For Python’s own vocabulary, like decorators and comprehensions, see the Python Glossary. For the process and teamwork terms that surround the code, like continuous integration and technical debt, see the Software Engineering Glossary.

  • abstract data type (ADT) A model of a data structure defined by the operations it supports and their behavior, not its implementation.
  • algorithm A finite sequence of well-defined steps that takes zero or more inputs and produces an output to solve a problem.
  • Big O notation A mathematical notation for how an algorithm’s running time or memory use grows as its input size increases.
  • binary search An efficient algorithm for finding a target value in a sorted sequence by repeatedly halving the search range.
  • binary tree A hierarchical data structure in which each node has at most two children, a left child and a right child.
  • graph A data structure of vertices connected by edges, used to model networks such as roads, dependencies, or links.
  • hash table A data structure that maps keys to values and supports fast lookup by computing an array index from each key.
  • linked list A linear data structure whose elements are chained together by references rather than stored contiguously.

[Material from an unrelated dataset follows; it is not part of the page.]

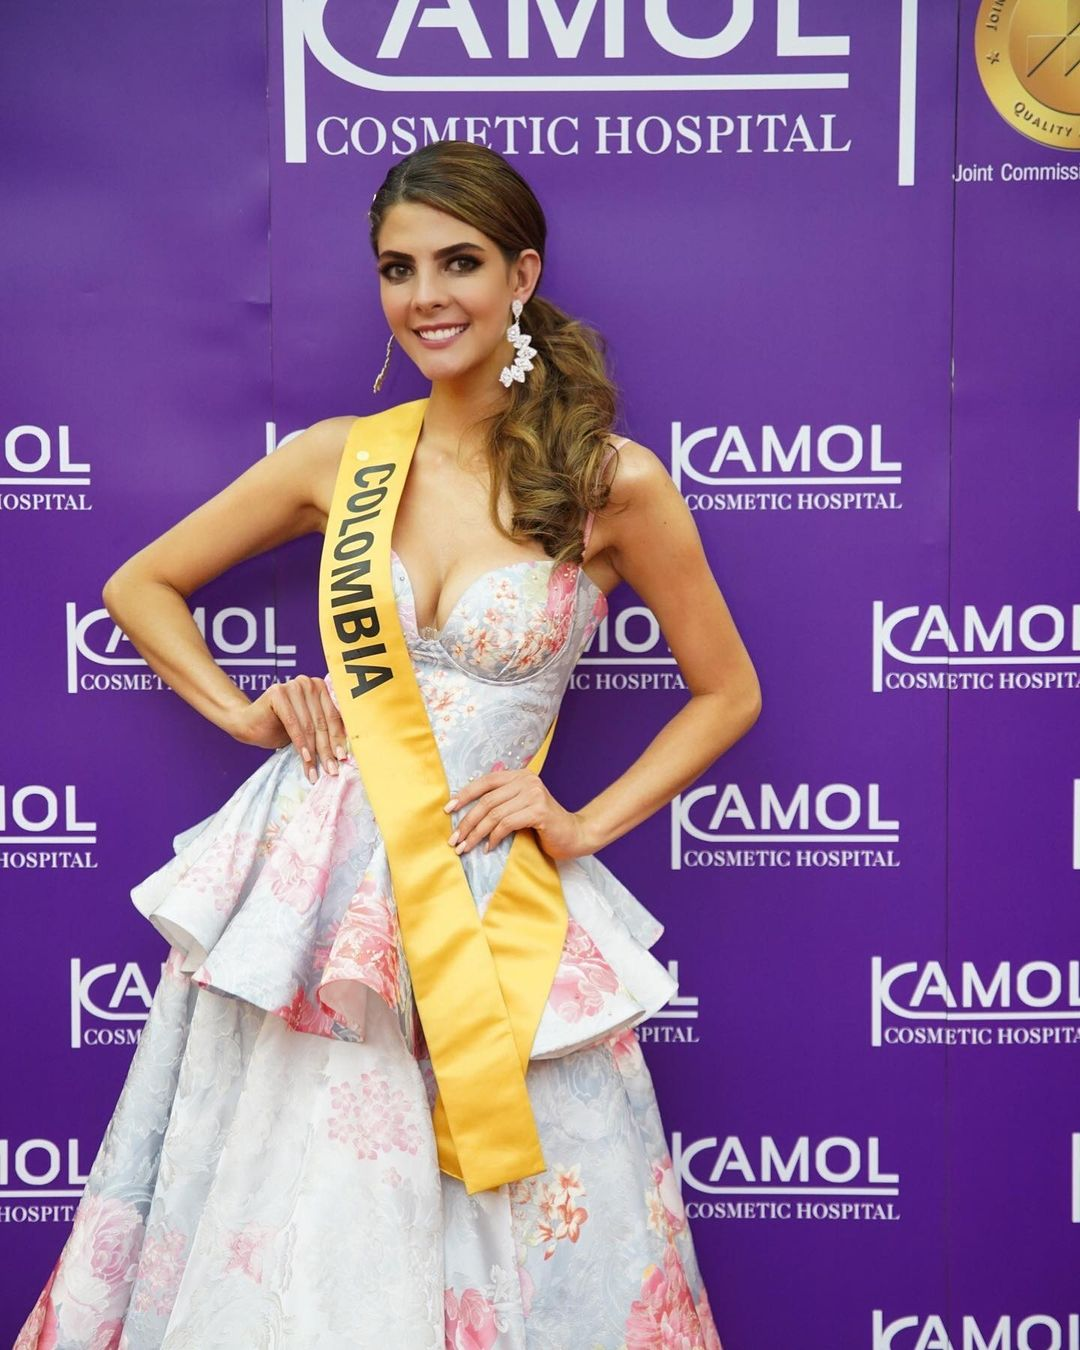 natalia manrique, miss grand colombia 2020. - Página 12 Dc3nt10
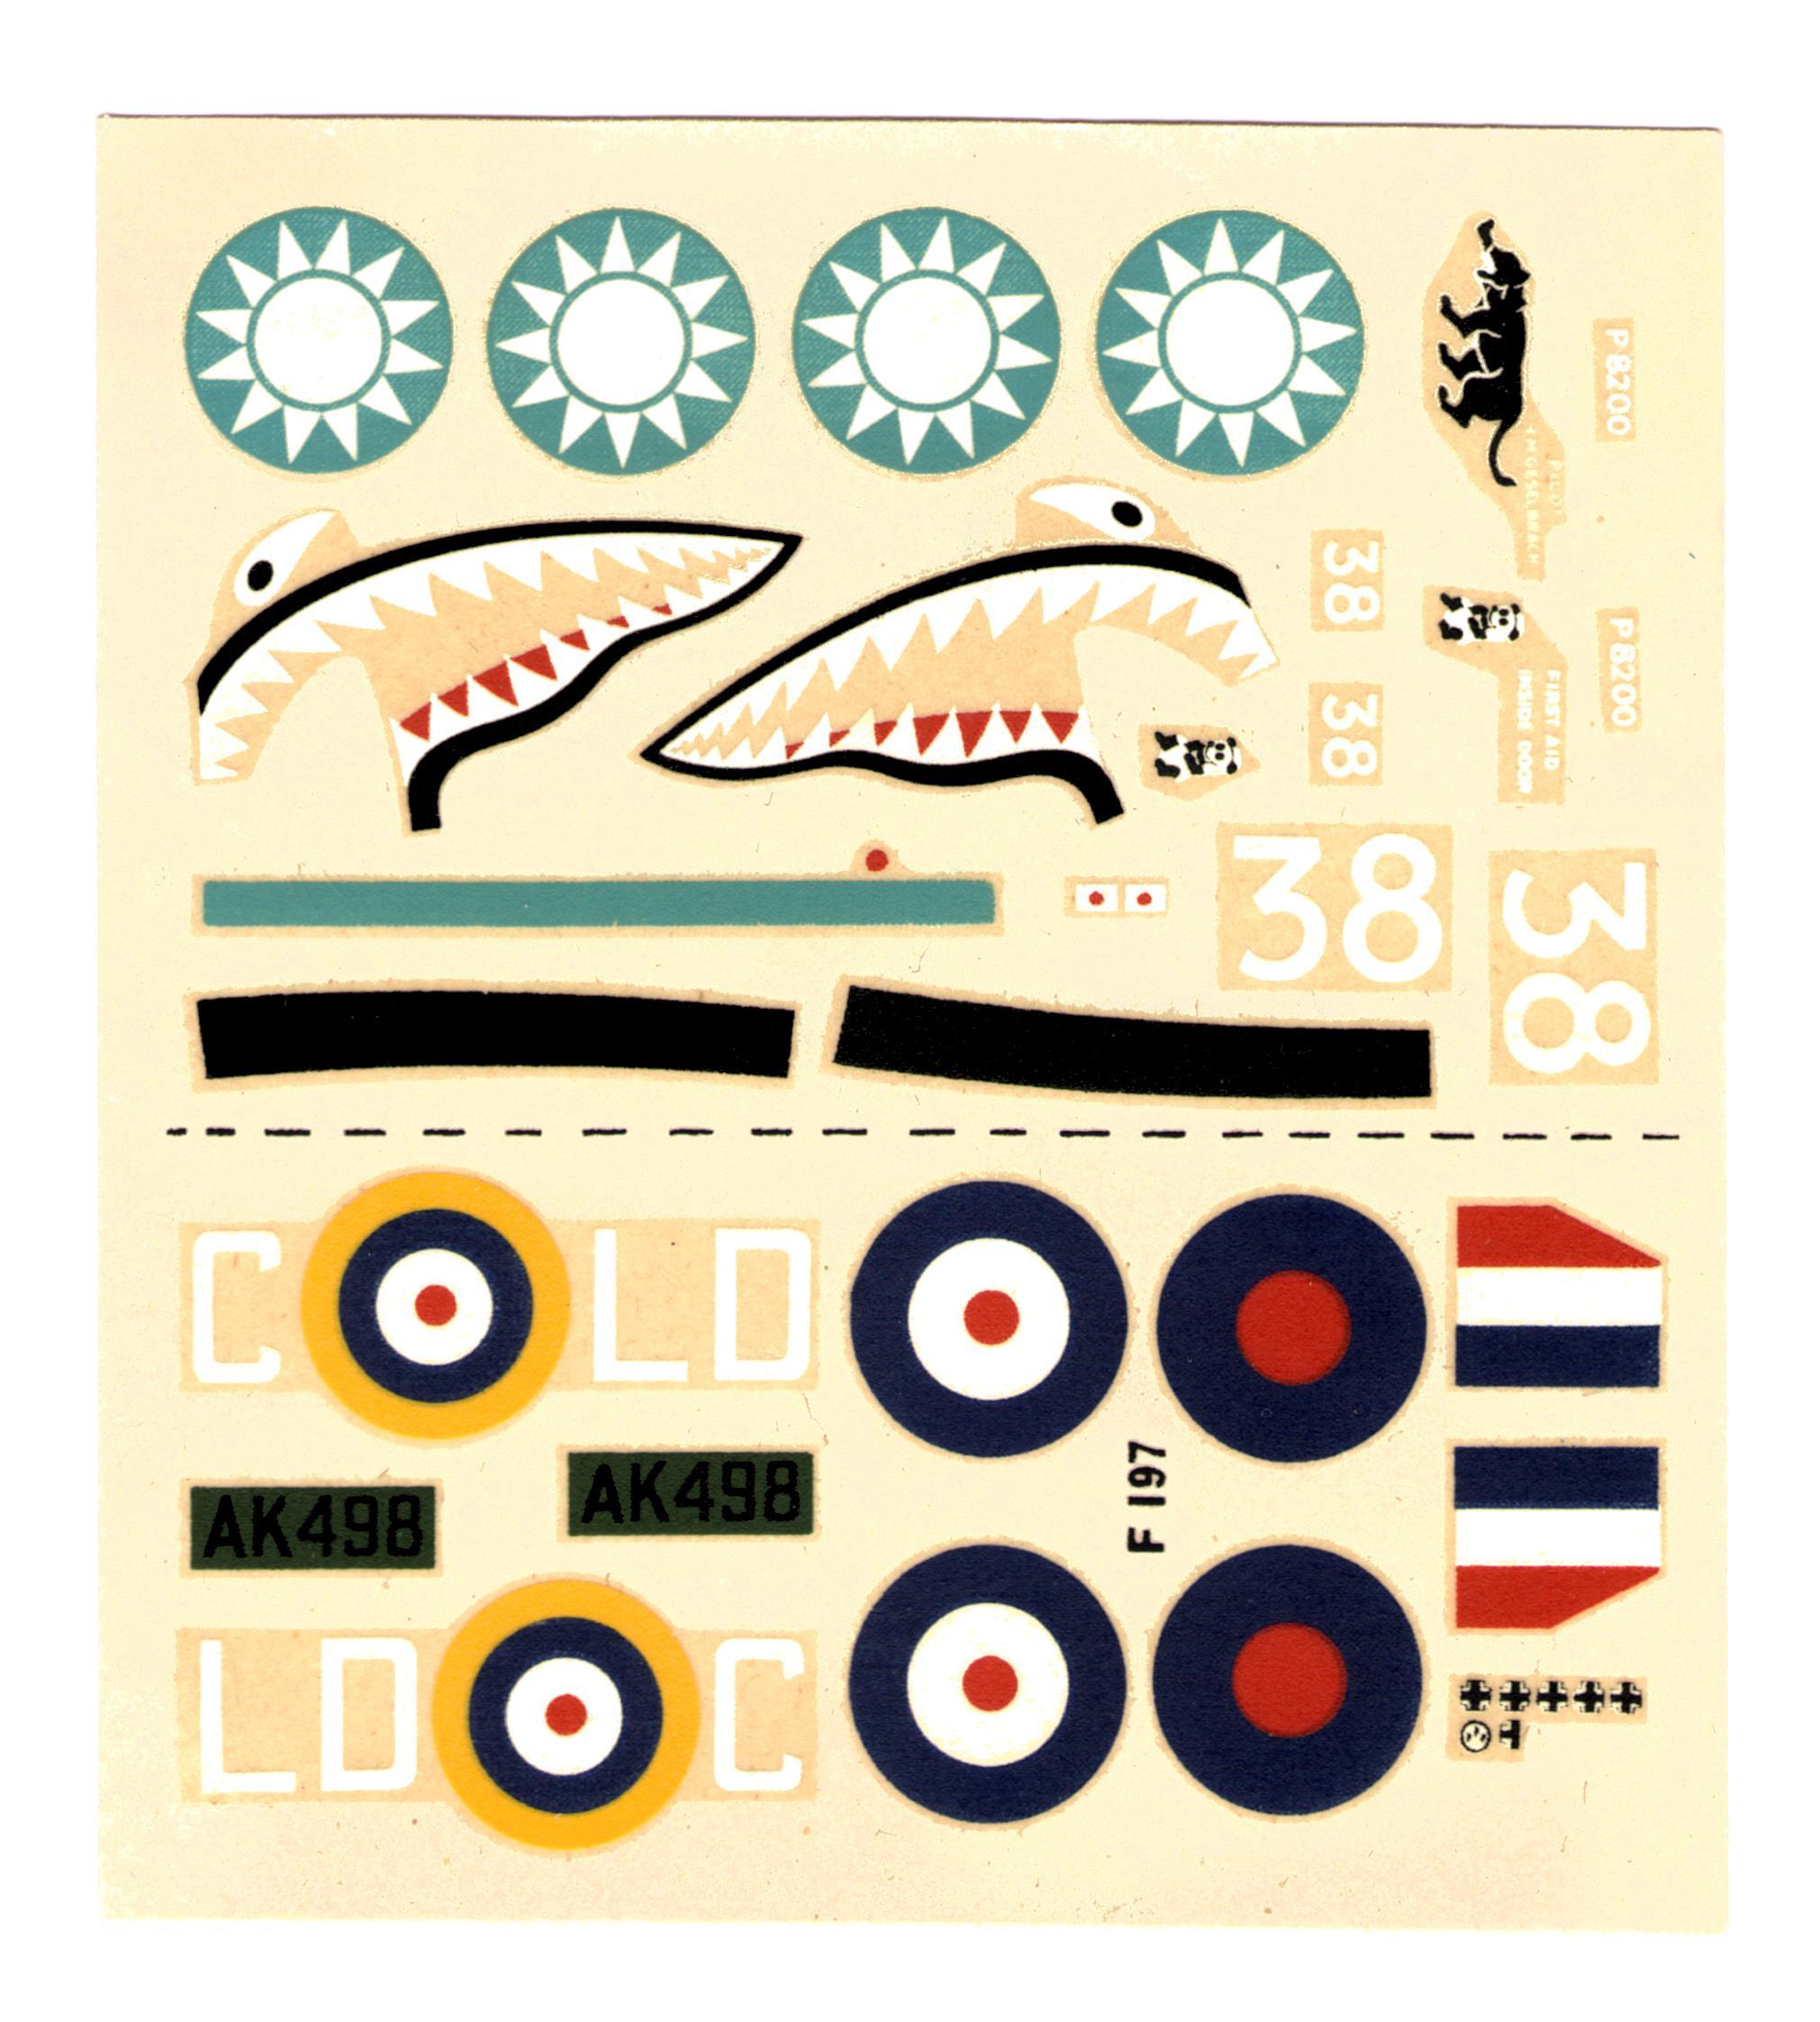 Декаль NOVO Toys Ltd F197 Curtiss P-40 Tomahawk 1/72

  • rounding error A discrepancy between a number’s exact value and the finite-precision approximation a computer stores or computes, which can accumulate across operations.
  • script A short program written to be run directly by an interpreter, typically to automate a task or glue programs together.
  • semaphore A synchronization primitive that uses a counter to limit how many threads or processes can access a shared resource at once.
  • separation of concerns (SoC) A design principle that divides a program into distinct sections, each handling a single concern, to improve modularity and maintainability.
  • set union A set operation that combines two or more sets into one set containing every element that appears in at least one of them.
  • signed integer A whole number that can store negative, zero, or positive values, using part of its binary encoding to record the sign.
  • software development kit (SDK) A vendor-supplied bundle of libraries, tools, documentation, and sample code for building applications on a specific platform.
  • sorting algorithm An algorithm that arranges the elements of a sequence into a defined order, such as ascending or descending.
  • space complexity A measure of how much memory an algorithm needs as the size of its input grows.
  • static code analysis An examination of source code without executing it, used to detect bugs, security vulnerabilities, style violations, and other source-visible properties.
  • static typing A form of type checking in which the types of a program’s expressions and variables are verified before execution, usually at compile time.
  • stderr An output stream that programs use for diagnostic and error messages, separate from normal output so the two can be redirected and processed independently.
  • stdin A process’s default input stream, conventionally connected to the keyboard or a redirected source.
  • stdout A byte stream that a process uses to write its conventional output, separate from diagnostic messages and input.
  • subtyping A relation between data types where any value of the subtype can be used wherever a value of the related supertype is expected.
  • syntactic sugar Programming language syntax designed to improve readability or convenience without changing what the language can compute.
  • test case A specification of inputs, preconditions, and expected results used to verify a software requirement or exercise a particular code path.
  • test fixture A fixed initial state of data, objects, or environment that a software test relies on to produce repeatable results.
  • test runner A tool that discovers, executes, and reports on automated tests within a codebase.
  • time complexity A measure of how an algorithm’s running time grows as the size of its input increases.